Even before Jack’s first two books were published, and before she had accompanied him to a few bookstore events, Lana had struck up acquaintances with a few people who worked in publishing. One was a literary agent, another an editor at one of the top houses in New York, and a third worked for one of the websites that kept track of industry news. That person’s name was Lawrence Eckhart, and Lana decided to start with him.

She fired off an email, asking if he had time for a chat, and heard back almost immediately. Eckhart’s email contained a phone number and an invitation to call her the moment she had a chance. Lana wasn’t sure, but the couple of times she’d met Eckhart, she thought he had a thing for her.

“How’s it going?” he asked when she called.

“Great,” she said. “How’s things in New York?”

“Not in the office that much. We worked from home for so long, some of us decided to keep doing it. I go into the office maybe once a week, sit in my chair, spin around, then go home. What’s up?”

“You heard of any major deals lately for memoirs, biographies, that kind of thing? A tell-all book?”

“There’s always a bunch in the pipe. Political ones, celebs, whatever.”

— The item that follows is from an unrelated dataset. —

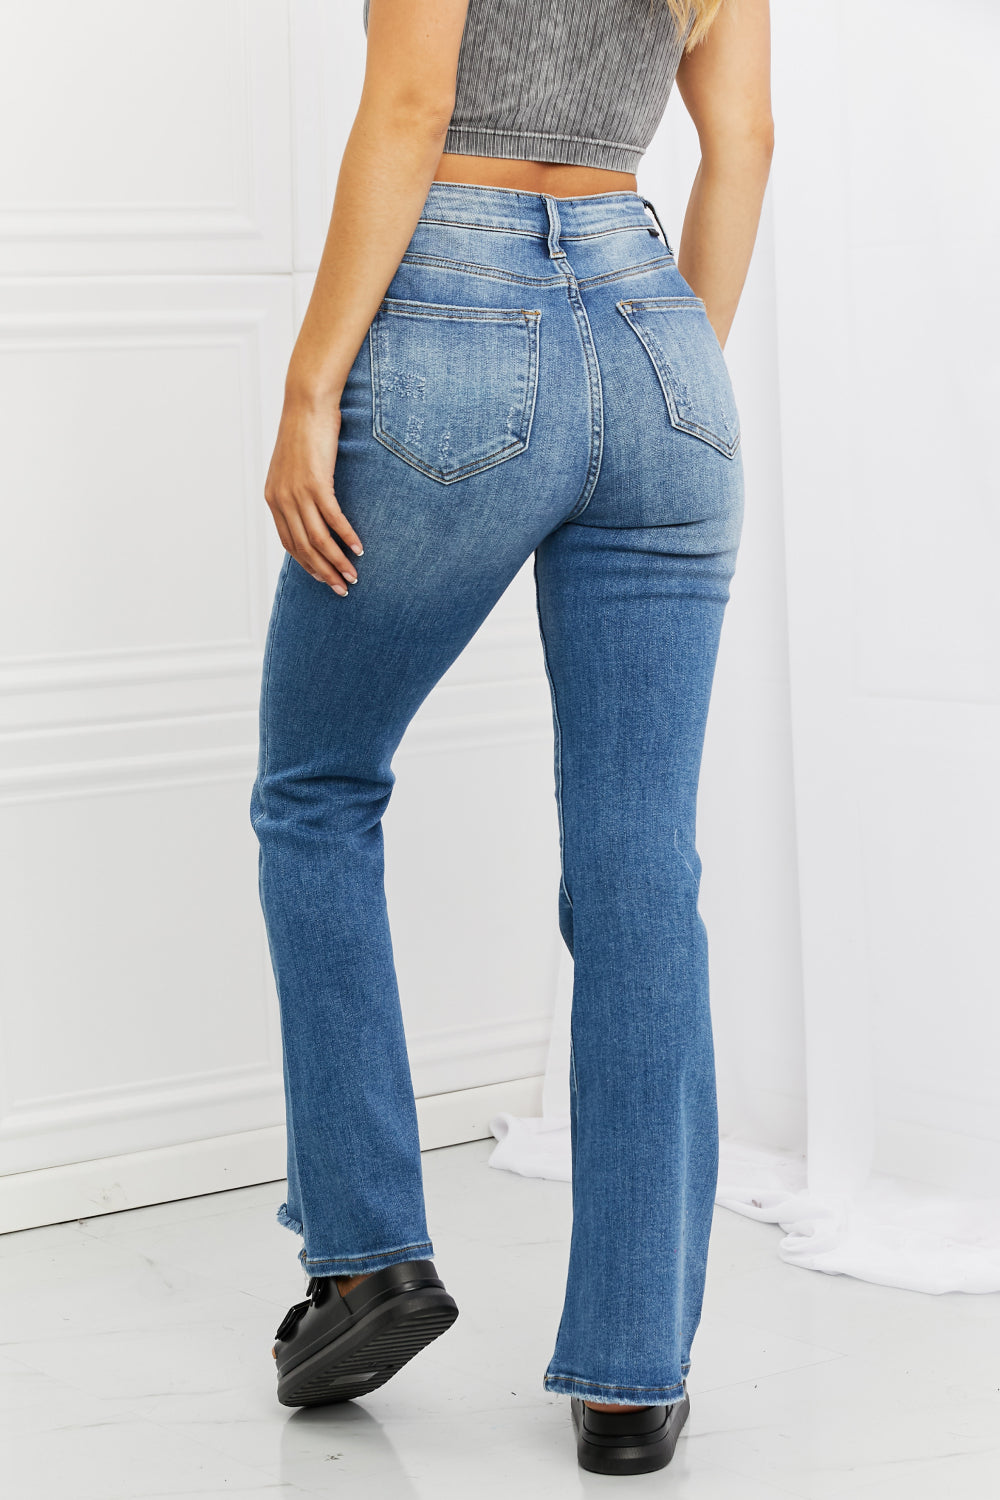 RISEN Full Size Iris High Waisted Flare Jeans - Lola Cerina Boutique

“I’m thinking of ones where the subjects wouldn’t have the chops to write it themselves. Ones where they’d need a ghostwriter.”

“That could be any number of them,” he said. “A lot of these people, they only ever have one book come out, have no skills in that regard, wouldn’t know a colon from a comma, and have to find somebody to do the heavy lifting for them.”

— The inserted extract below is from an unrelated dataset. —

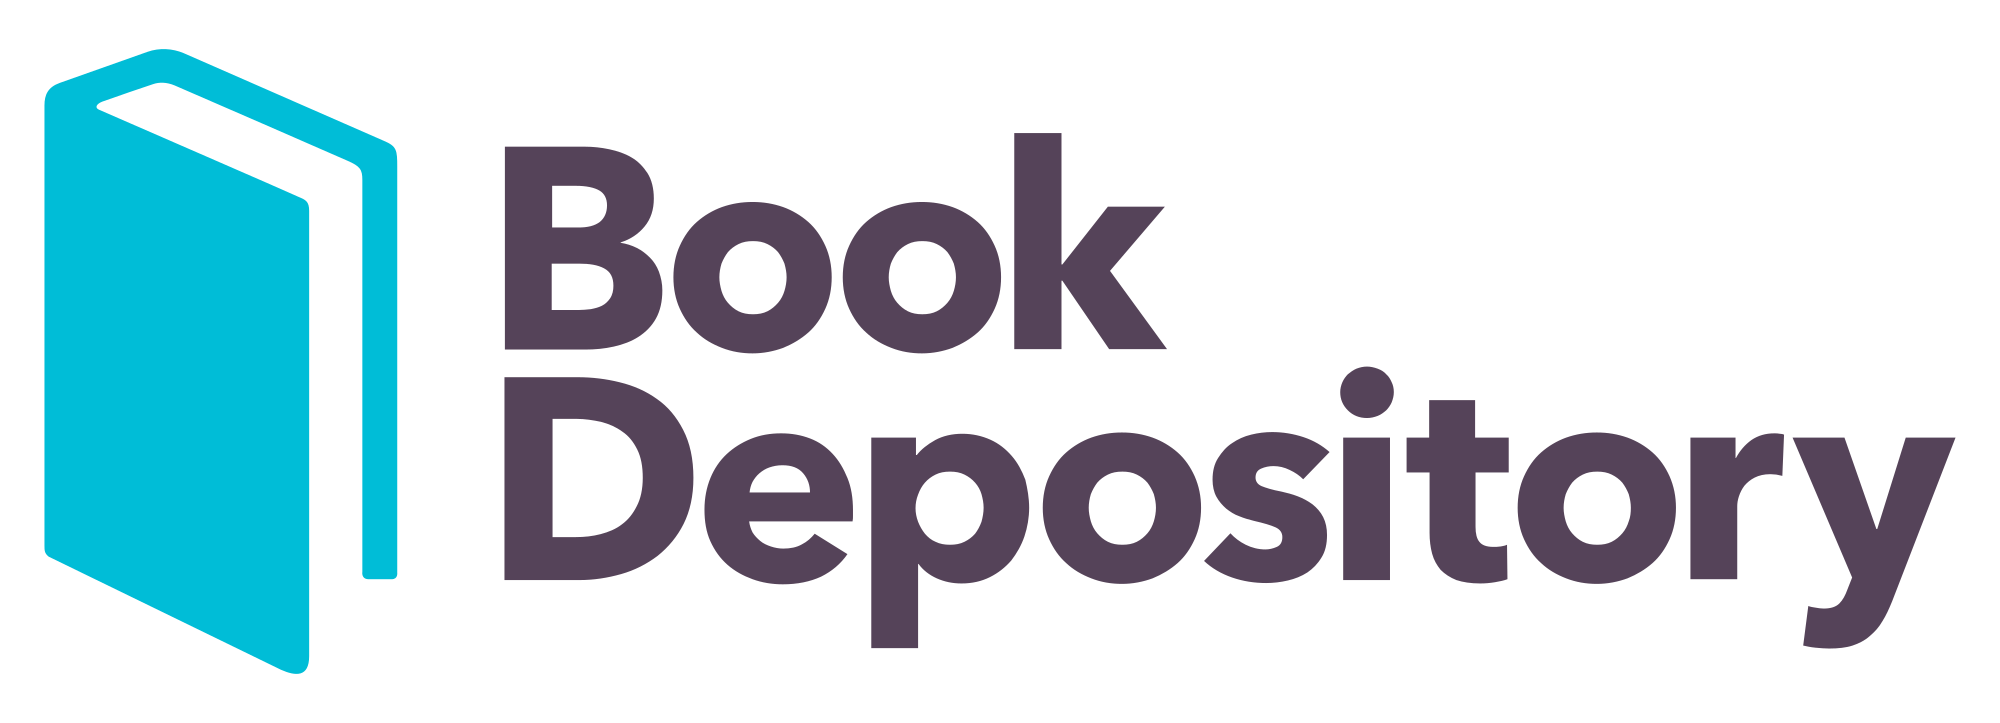 about book depository
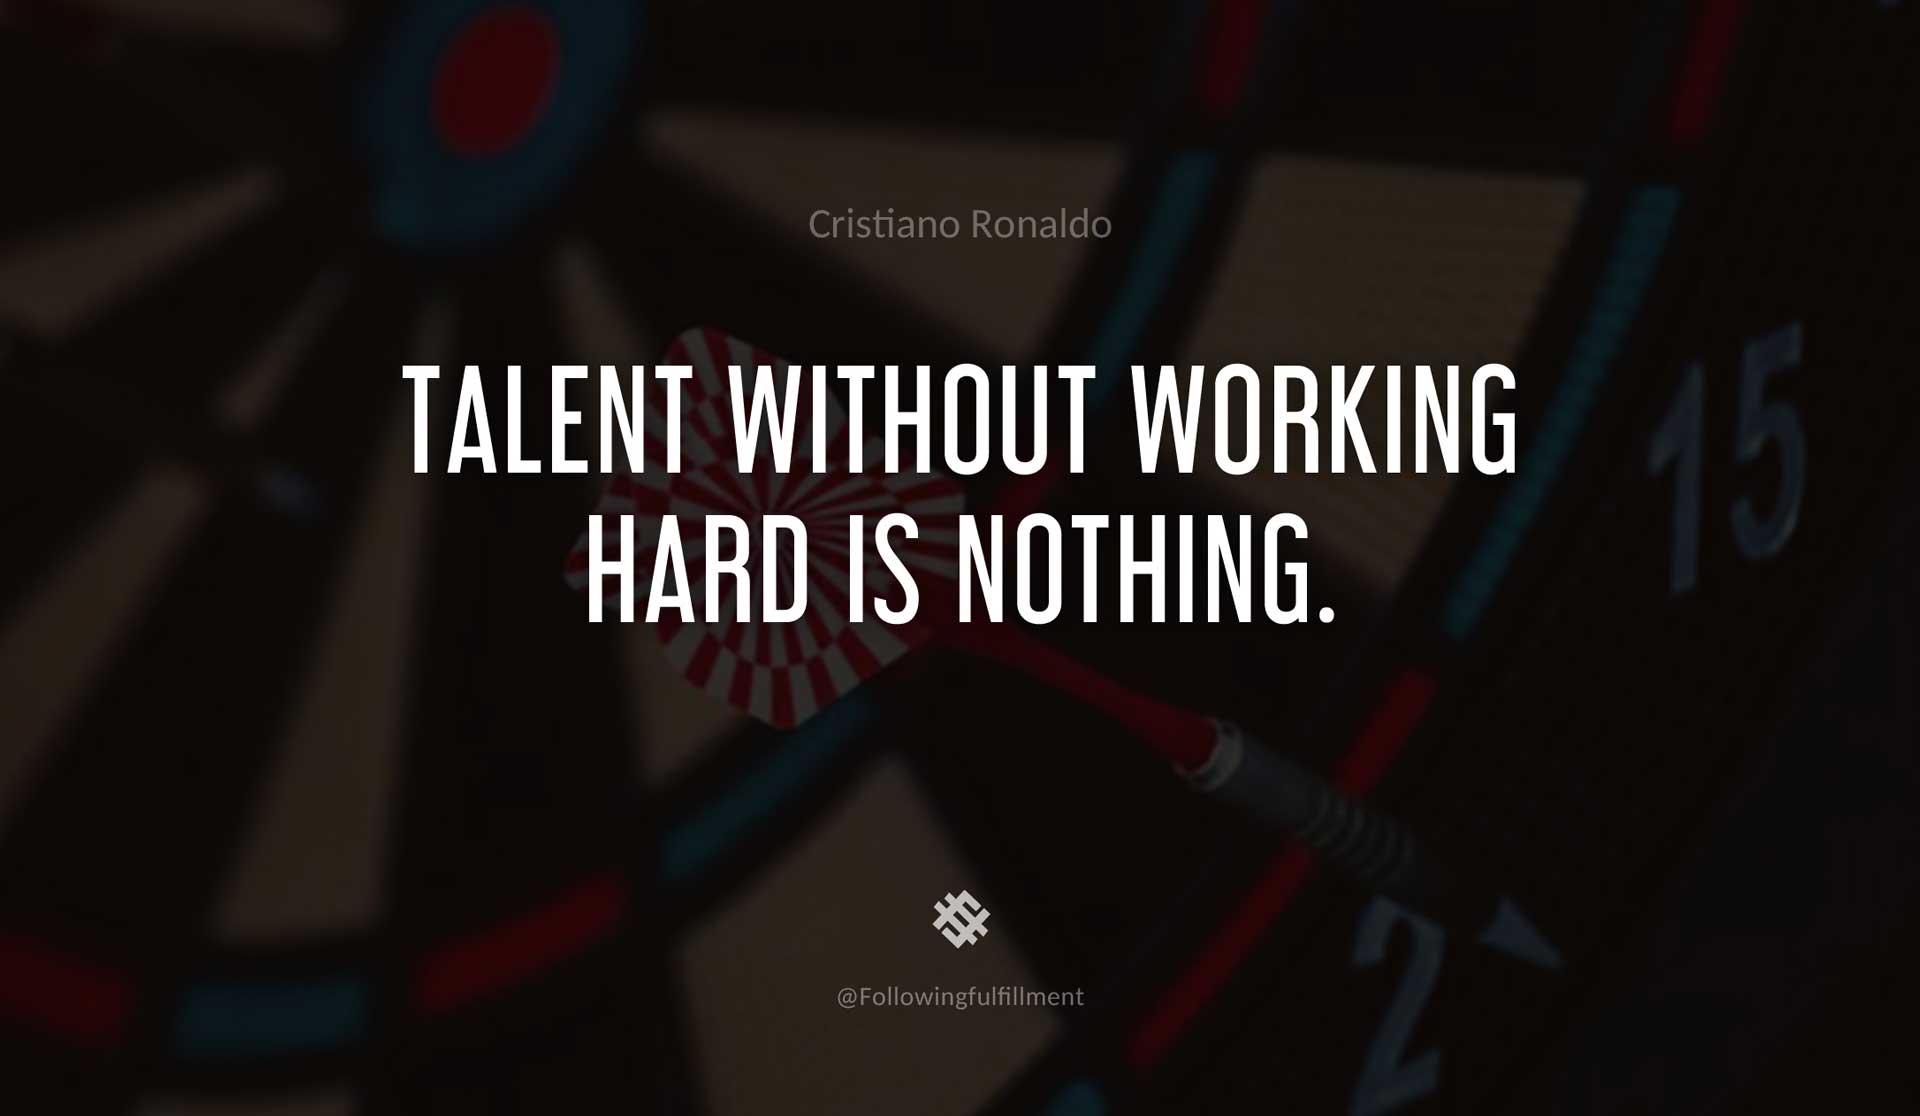 Talent-without-working-hard-is-nothing.-CRISTIANO-RONALDO-Quote.jpg

“And the public never knows, right?”

“Depends. Some subjects are open about it, mention the person who helped them write it. Others, yeah, they want you to think they were smart enough to do it all by their lonesome, even though no one believes it.”

“If you were looking for someone to write your story, is there a short list?”

“Lana, you could write your own story. You don’t need someone to do it for you,” Eckhart said. “And I’ll tell you right now, I’ll be first in line to buy a copy. Just so long as you put in all the juicy bits, like that fling with the CNN guy.”